TULSA, Apr. 16 -- Oil recovery factors for many of the world's oil fields have improved over the years, but implementing new technologies, expanding existing technologies to other reservoirs, and understanding the processes better can improve recovery further.
That can be gleaned from some of the papers presented at the Society of Petroleum Engineers and US Department of Energy 13th Symposium on Improved Oil Recovery this week in Tulsa.
Water, steam, and carbon dioxide gas injection remain the more common ways for improving recoveries, but various research and pilot projects aim to adapt these methods to a greater variety of reservoirs and refine the processes so that they are more predictable.
Air injection in lighter oil reservoirs, horizontal injectors that rejuvenate mature miscible floods, alkaline-surfactant-polymers, and water-alternating-gas in the North Sea were some topics discussed at the symposium.
R.G. Moore, of the University of Calgary, discussed the work at the university that indicated air injection has considerable potential in fields that produce lighter-gravity crude oil, especially in areas without an existing infrastructure for delivering carbon dioxide for injection. He said the process will work as long as operators inject sufficient quantities of air and determine beforehand if the oil will spontaneously ignite.
In another Canadian paper, K. A. Edwards, et al., Conoco Canada Ltd.formerly Gulf Canada Resources Ltd.discussed the benefits gained from reinitiating hydrocarbon miscible flooding with horizontal injectors and reduced well spacing in the South Swan Hills Unit in northwestern Alberta.
South Swan Hills produces from a carbonate reef with an OOIP of 850 million bbl.
They said four patterns have been developed to date, with the first two having completed solvent injection and now being on chase-water injection.
Recovery has been 800,000-900,000 bbl/pattern of incremental oil, or more than 10% of pattern OOIP from areas that were part of the original miscible flood, they said.

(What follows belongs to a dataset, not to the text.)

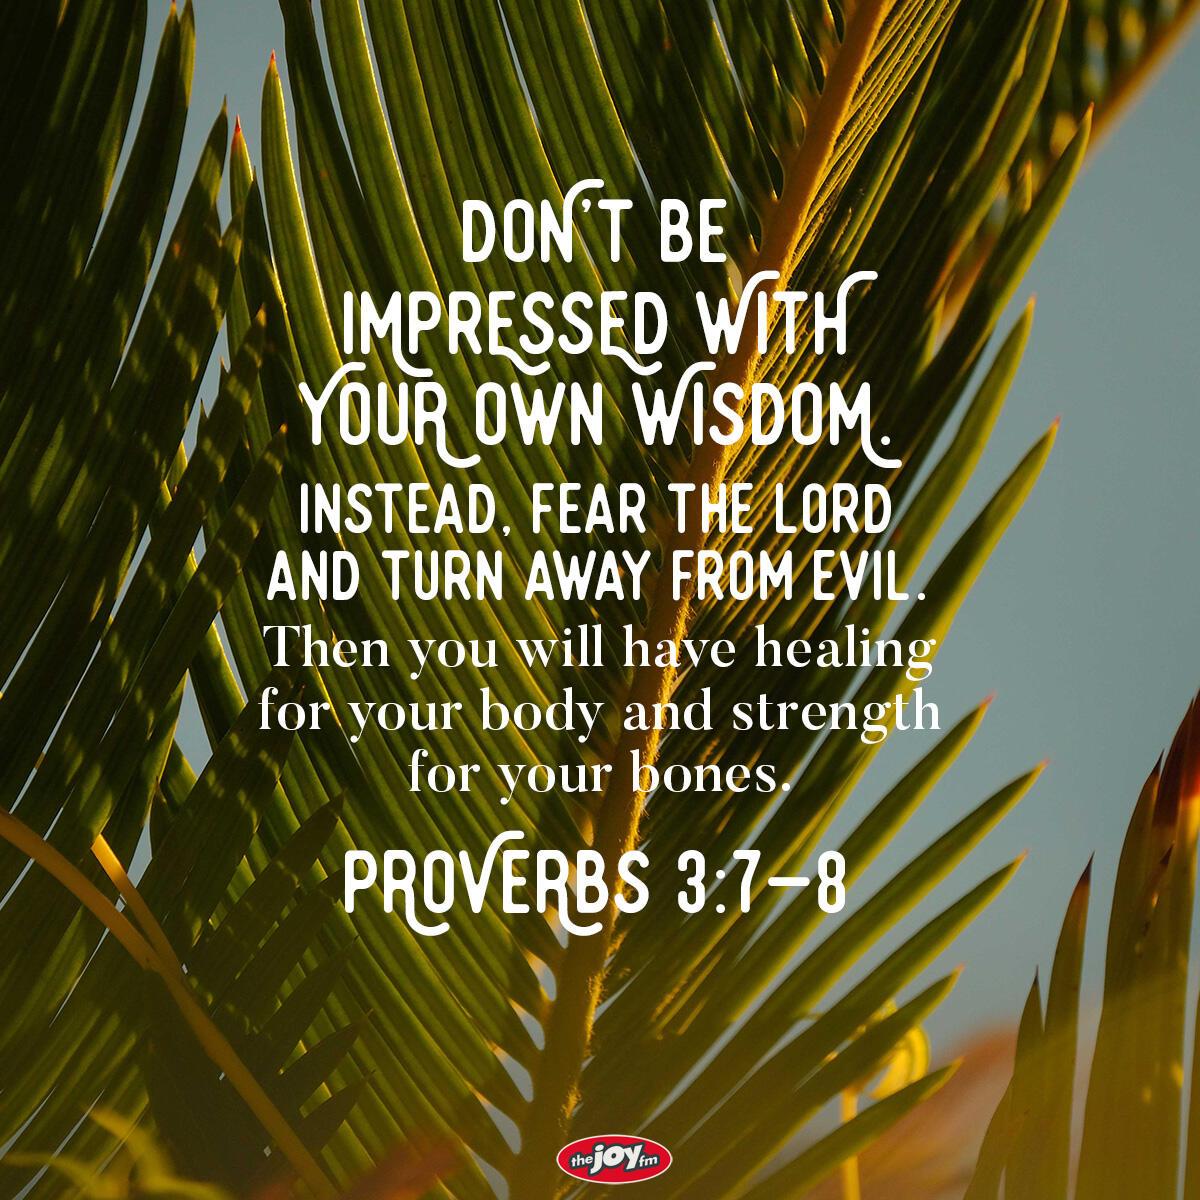 Proverbs 3:7-8 - Verse of the Day

In the pattern, the horizontal well is low in the pay section to allow sweeping of the part of the reservoir that was missed because of gravity override during injection into vertical wells.
A paper by Clara Hernandez, et al., of Petroleos de Venezuela SA described how single-well chemical tracer tests (SWCT) measured residual oil saturation in a zone before and after it had been swept by alkaline-surfactant-polymer (ASP) fluid.
ASP injection reduced residual oil saturation at the well to 13-19% from 28-34% at Lagomar VLA-6/9/21 Area, C4 Member, Lake Maracaibo, Venezuela.
Simultaneous water-alternating-gas (SWAG) improved oil recovery in Siri field off Denmark, the subject of a paper by Lars Inge Berge, et al., of Statoil AS.
The authors indicated that the main contribution of the process comes from improved sweep, oil swelling, and reduced residual oil saturation, although maintaining injectivity is a main concern with the method.
In the process, the associated produced gas is mixed with injection water at the wellhead and injected as a two-phase mixture. Statoil has used the process from the start of production in Siri field in 1999.